La luz del hogar se reflejaba en sus gafas. Mientras le hablaba podía ver cómo chisporroteaban los leños.

—Demos por sentado —dije— que mi separación del servicio será equitativa.

Ignoro si mi voz sonaba inadmisiblemente presumida al decir esto, o si Rosen había estado jugando conmigo con una buena carnada, la cuestión es que de pronto sentí que él cedía.

Sus labios delgados adoptaron la expresión del pescador que está a punto de sacar una trucha del agua.

—Demos por sentado —dijo— que una cooperación concertada permitirá una separación equitativa en las condiciones permitidas por el reglamento.

No todo el mundo sabe manejar el discurso de la burocracia. Asentí con desprecio. Me di cuenta de que estaba borracho. No importaba lo mucho que bebiese, eso no ocurría con frecuencia por entonces, pero después de más de veinticinco años en el gobierno uno se siente competente en lo que respecta al dominio de la lengua.

—Sujeto —dije— a la conjunción apropiada, gestionaremos una investigación colateral de las eventuales contingencias.

Dije eso para borrar de los labios de Rosen esa sonrisita de superioridad, pero se puso triste, simplemente. Me di cuenta de que estaba tan lleno de alcohol como yo. Habíamos estado descendiendo por los rápidos del gran río del alcohol. El descenso había terminado. El río estaba en calma.

Suspiró. Pensé que estaba a punto de decir: «¿Cómo pudiste hacerlo?», pero en cambio susurró:

—No estamos preparados para hacer tratos.
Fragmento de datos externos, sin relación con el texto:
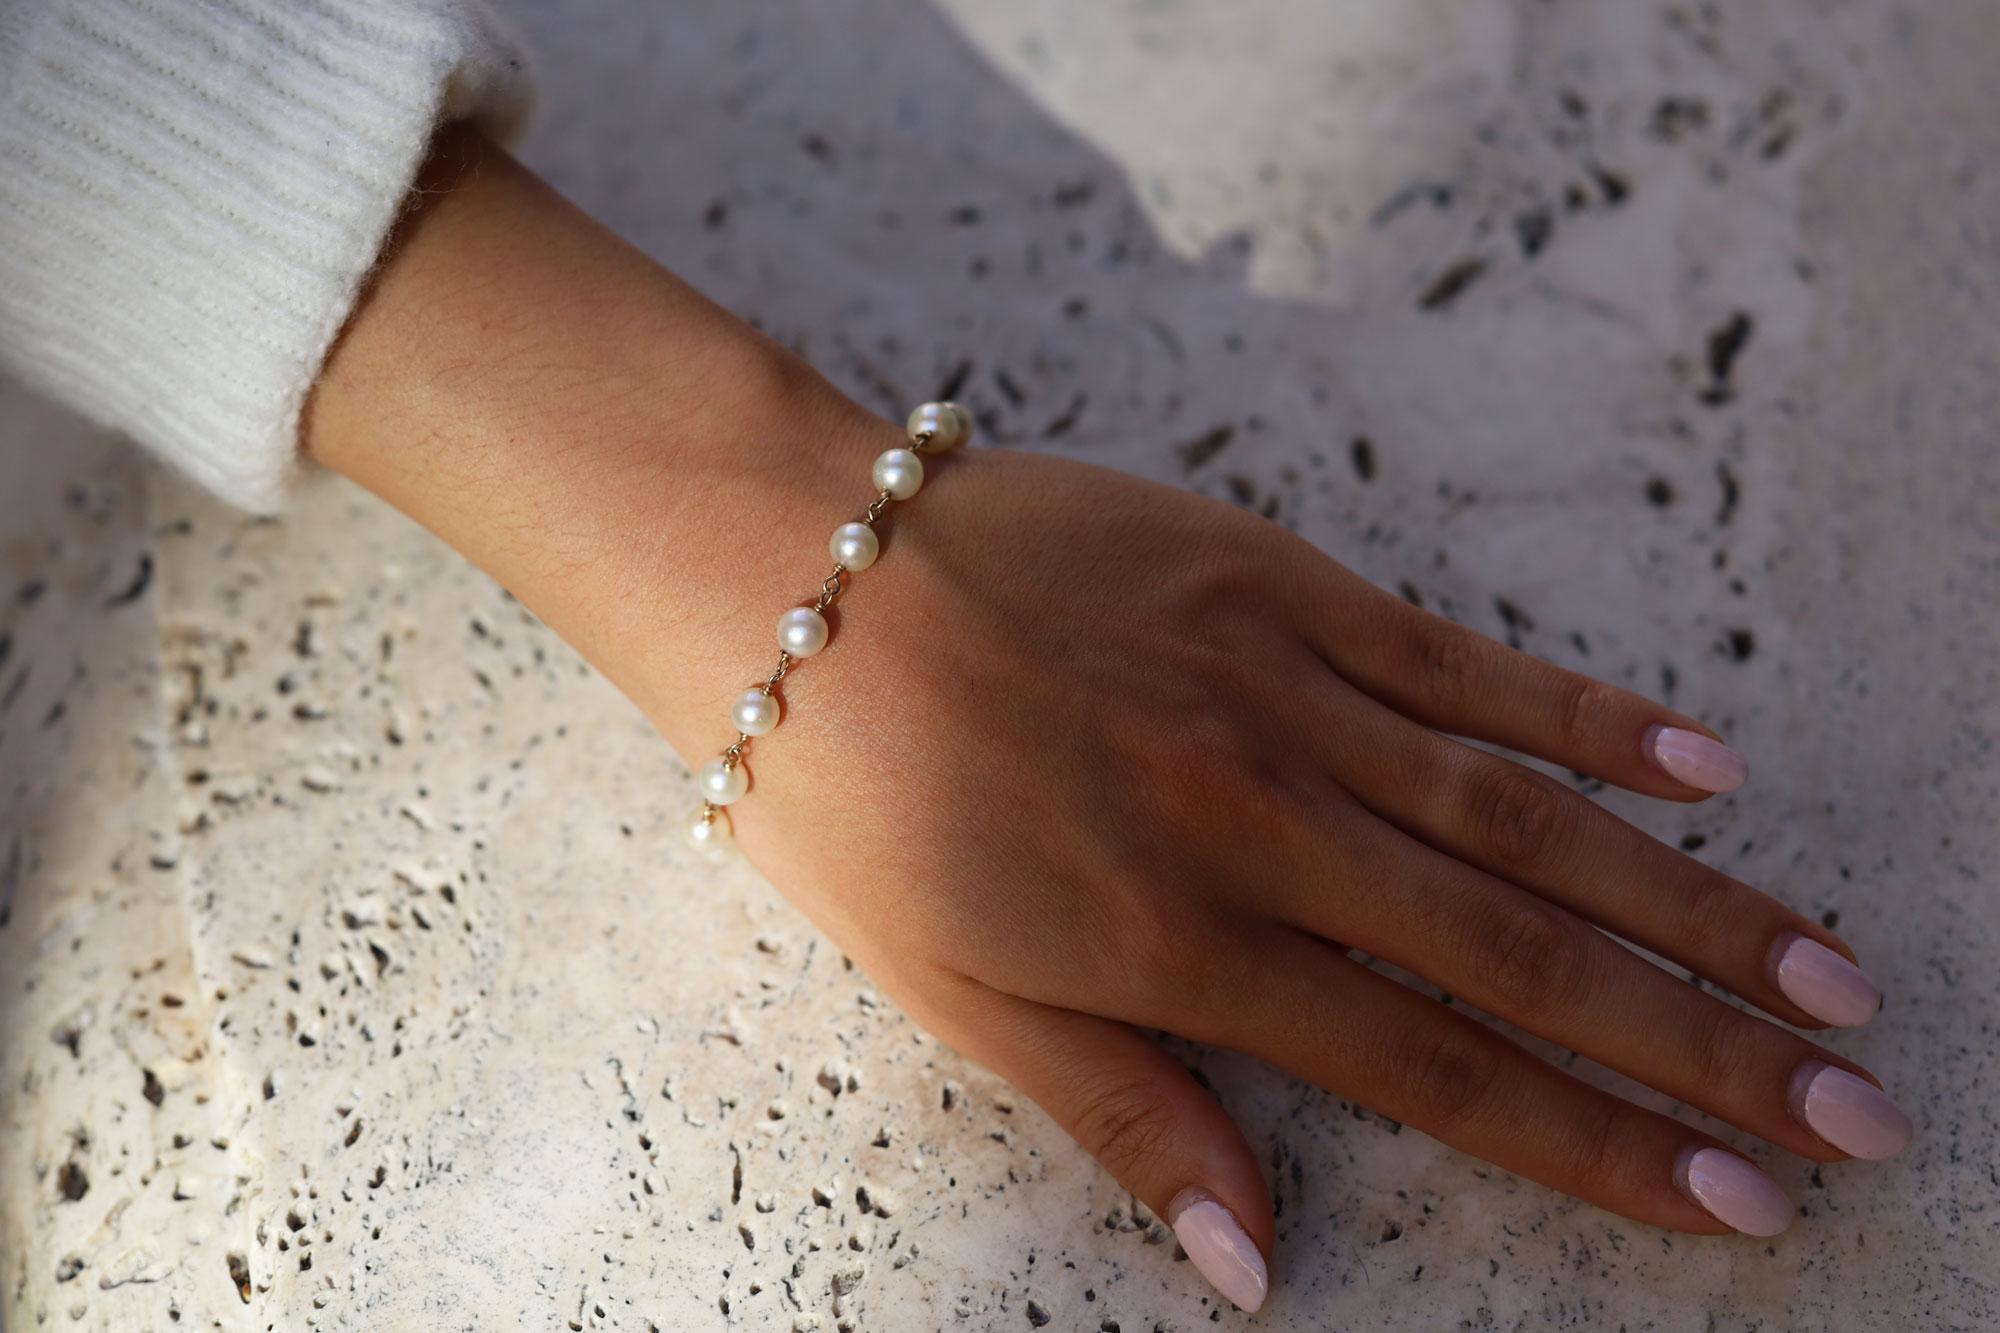 This stunning bracelet features 14 luminescent cultured Akoya salt water pearls linked along a 14k yellow gold chain. Achieve a lavish look at a fraction of the cost of the Elsa Peretti for Tiffany bracelet. Crafted with sustainability in mind, each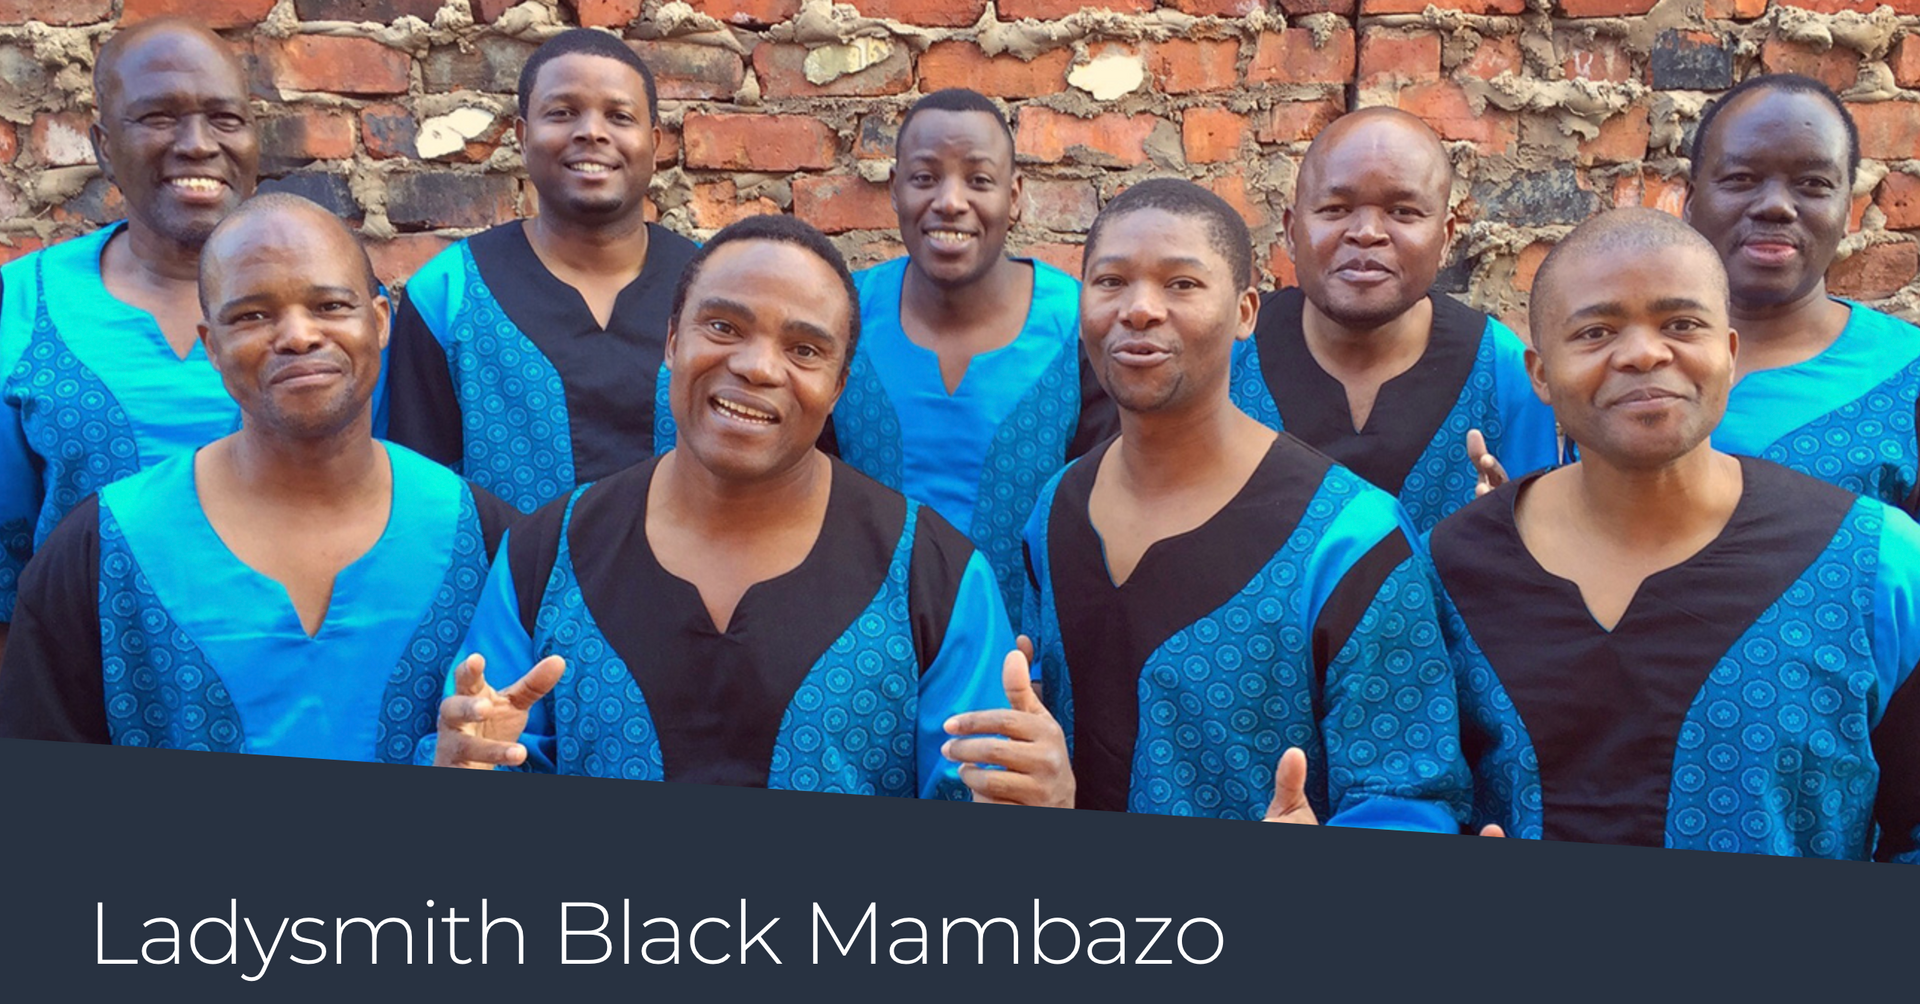 The group, Ladysmith Black Mambazo, will be coming to Gainesville, FL on February 27, 2024.

—Entonces, ¿dónde estamos?

—Me gustaría conocer tu impresión general.

Bebí un trago de scotch.

—¿Por qué?

—Quizá la necesite. Nos encontramos en medio de un desastre. A veces tú ves las cosas más claramente que yo.

—Muy bien —dije.

—Hablo en serio —dijo.

Empecé a creer que de verdad lo estaba haciendo.

—¿Con qué contamos? —pregunté—. ¿El cuerpo que tienes es el de Harlot?

—Sí —respondió de mala gana, como si quisiese negar su propia afirmación.

—Supongo —dije, y bebí otro sorbo de scotch antes de proseguir— que los restos estarán estropeados e hinchados por el agua.

—Definitivamente, es el cuerpo de Harlot.

Guardamos silencio. Era consciente de que hablar de la muerte de Harlot no sería mera rutina, pero así y todo me sorprendí cuando se me atragantó la bebida. El dolor, el enojo y un dejo de histeria ante mi propia confusión buscaban en mi laringe un lugar donde ubicarse. Descubrí que mirar el fuego remediaba en algo la situación. Estudié un leño que brilló hasta la incandescencia antes de desplomarse suavemente sobre sí mismo. Empecé a lamentar la muerte de Harlot. Sin embargo, como aprendemos en los sermones, la mortalidad es la disolución de la materia; sí, las vidas de todos nosotros van a dar al mar, y la muerte de Harlot estaba entrando en el universo. De este modo mi garganta se alivió.

Descubrí que quería hablar de la muerte de Harlot. Sin importarme todo lo que había sucedido esa noche —¿o precisamente debido a ello?— sentía como si por fin hubiera retrocedido al medio de mi ser, al claro y lógico medio de mi ser, como si mis extremos emotivos se hubiesen consumido y ahora mi medio estuviera más fuerte. Si hacía diez minutos había estado borracho, ahora me encontraba sobrio. La borrachera es la abdicación del yo; ahora mi yo subía a la superficie, como una ballena. Sentí la necesidad de reconocer otra vez cuan cuerdo podía llegar a ser, es decir, cuan lúcido, cuan lógico, cuan sardónico, cuan superior a las debilidades de todos, incluyendo las mías. ¿Buscaba Rosen un análisis de la situación? Pues se la daría. Algo de los viejos tiempos volvía a mí, esa sensación de que juntos éramos lo mejor que tenía Harlot, lo más inteligente. Y lo más competitivo. Ya no importaba lo cansado que estuviese, en el centro de mi cerebro me sentía fresco y despejado.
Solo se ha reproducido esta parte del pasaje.